Task: Transcribe everything in the listing below exactly, except the pictures.

Source data:
========================================================================

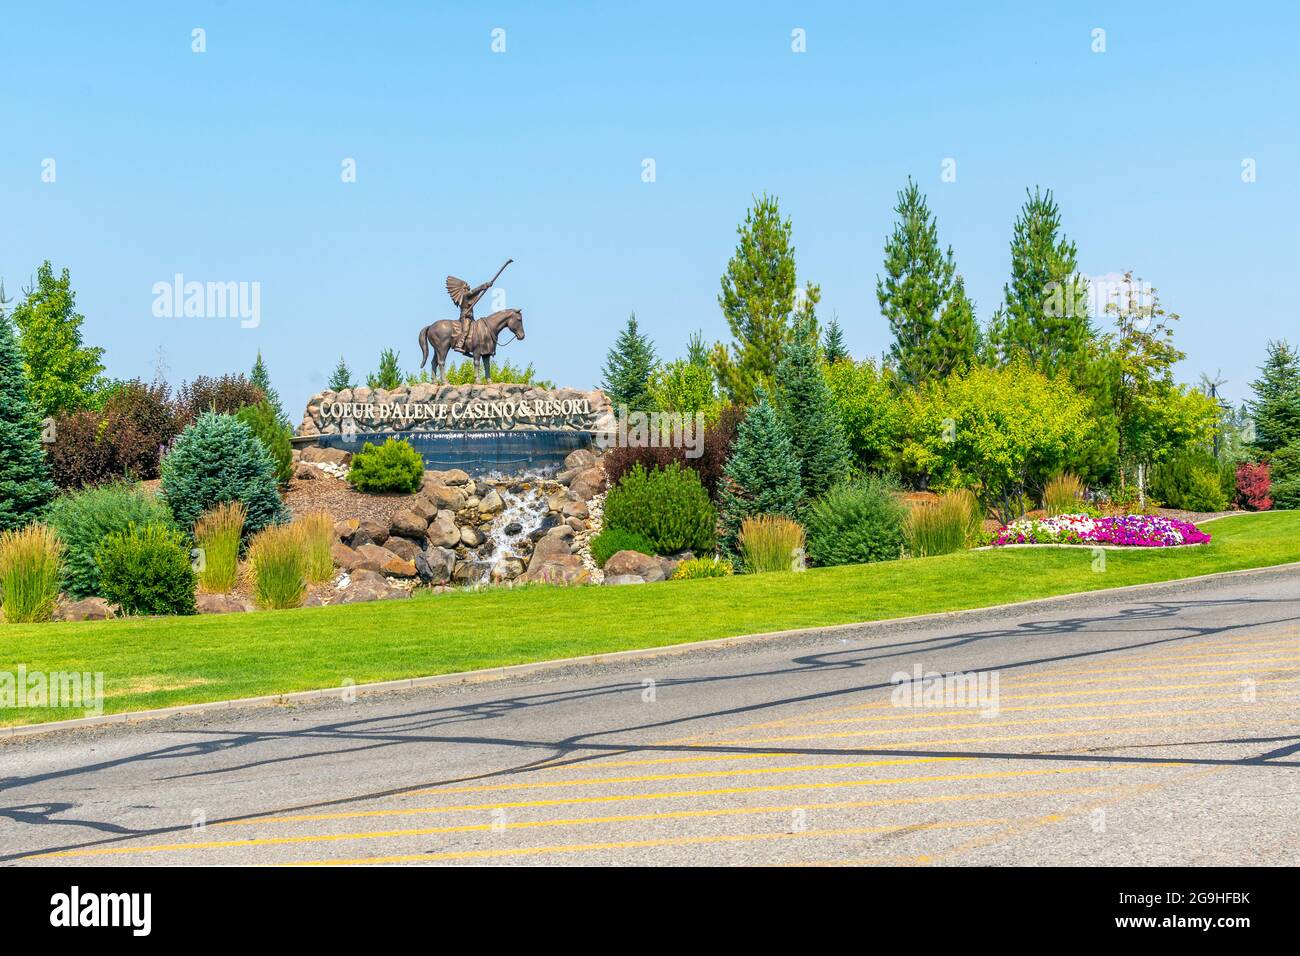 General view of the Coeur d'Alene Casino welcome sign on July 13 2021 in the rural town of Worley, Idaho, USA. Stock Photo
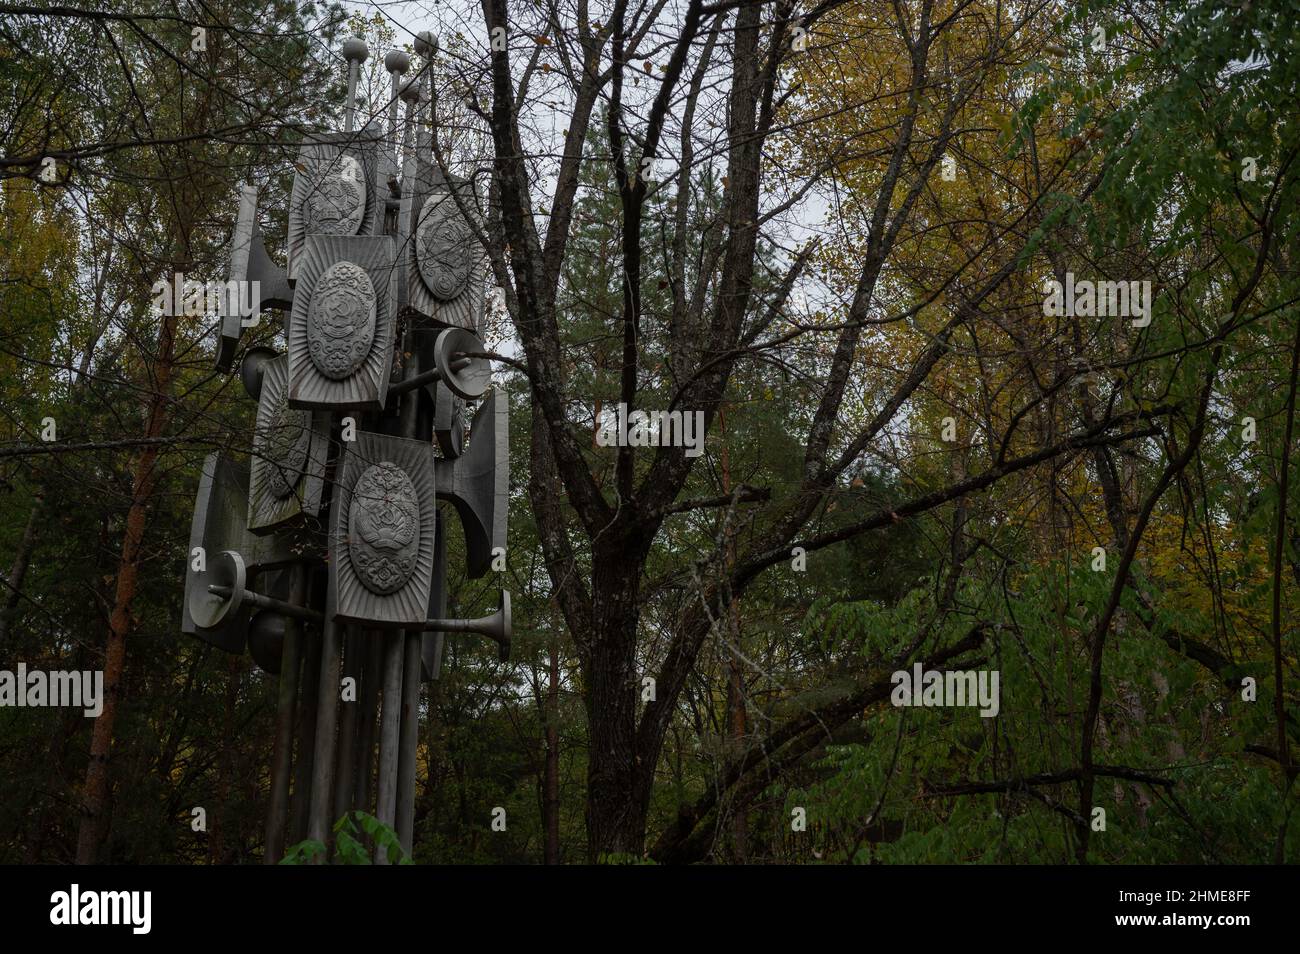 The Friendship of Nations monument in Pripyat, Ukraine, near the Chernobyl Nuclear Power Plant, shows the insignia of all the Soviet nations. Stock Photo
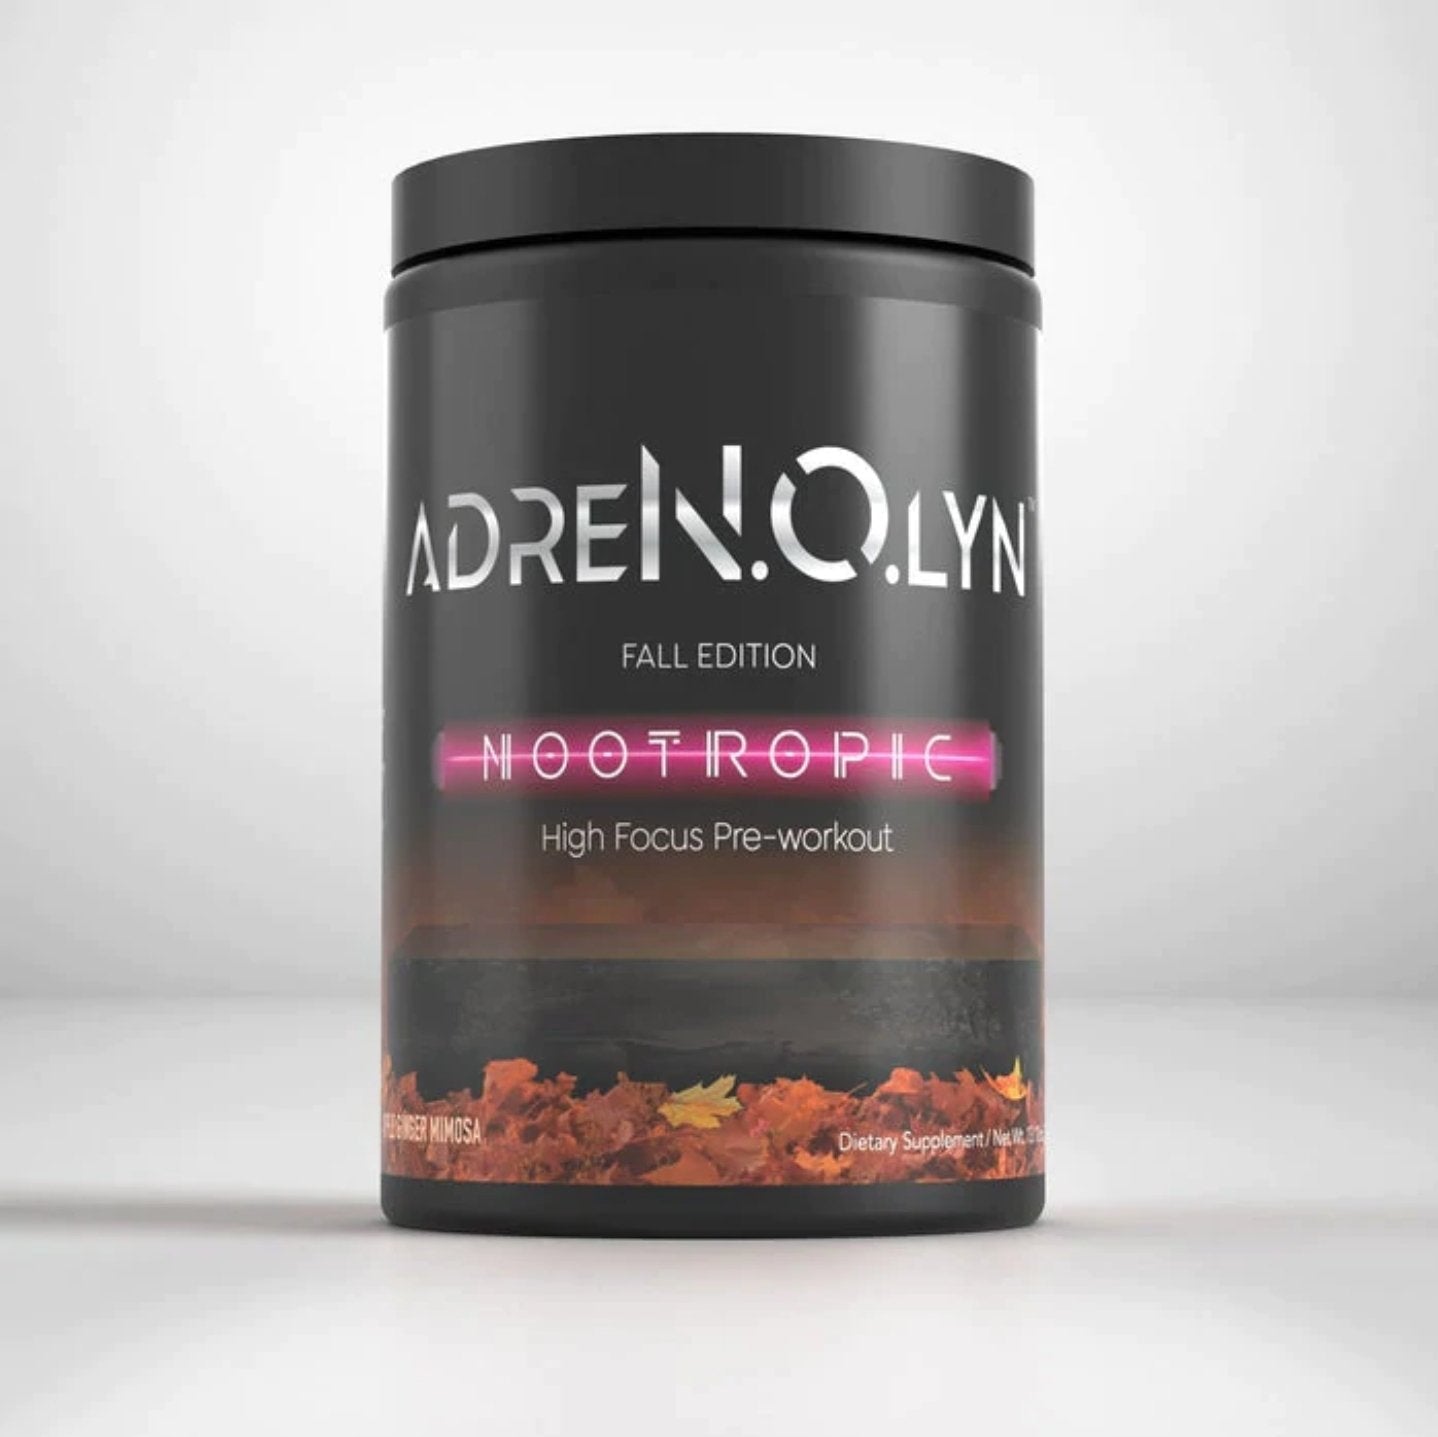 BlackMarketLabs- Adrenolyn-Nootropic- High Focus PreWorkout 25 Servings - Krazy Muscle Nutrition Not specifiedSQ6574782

========================================================================

Problem solution:
 General view of the Coeur d'Alene Casino welcome sign on July 13 2021 in the rural town of Worley, Idaho, USA. Stock Photo
 The Friendship of Nations monument in Pripyat, Ukraine, near the Chernobyl Nuclear Power Plant, shows the insignia of all the Soviet nations. Stock Photo
 BlackMarketLabs- Adrenolyn-Nootropic- High Focus PreWorkout 25 Servings - Krazy Muscle Nutrition Not specifiedSQ6574782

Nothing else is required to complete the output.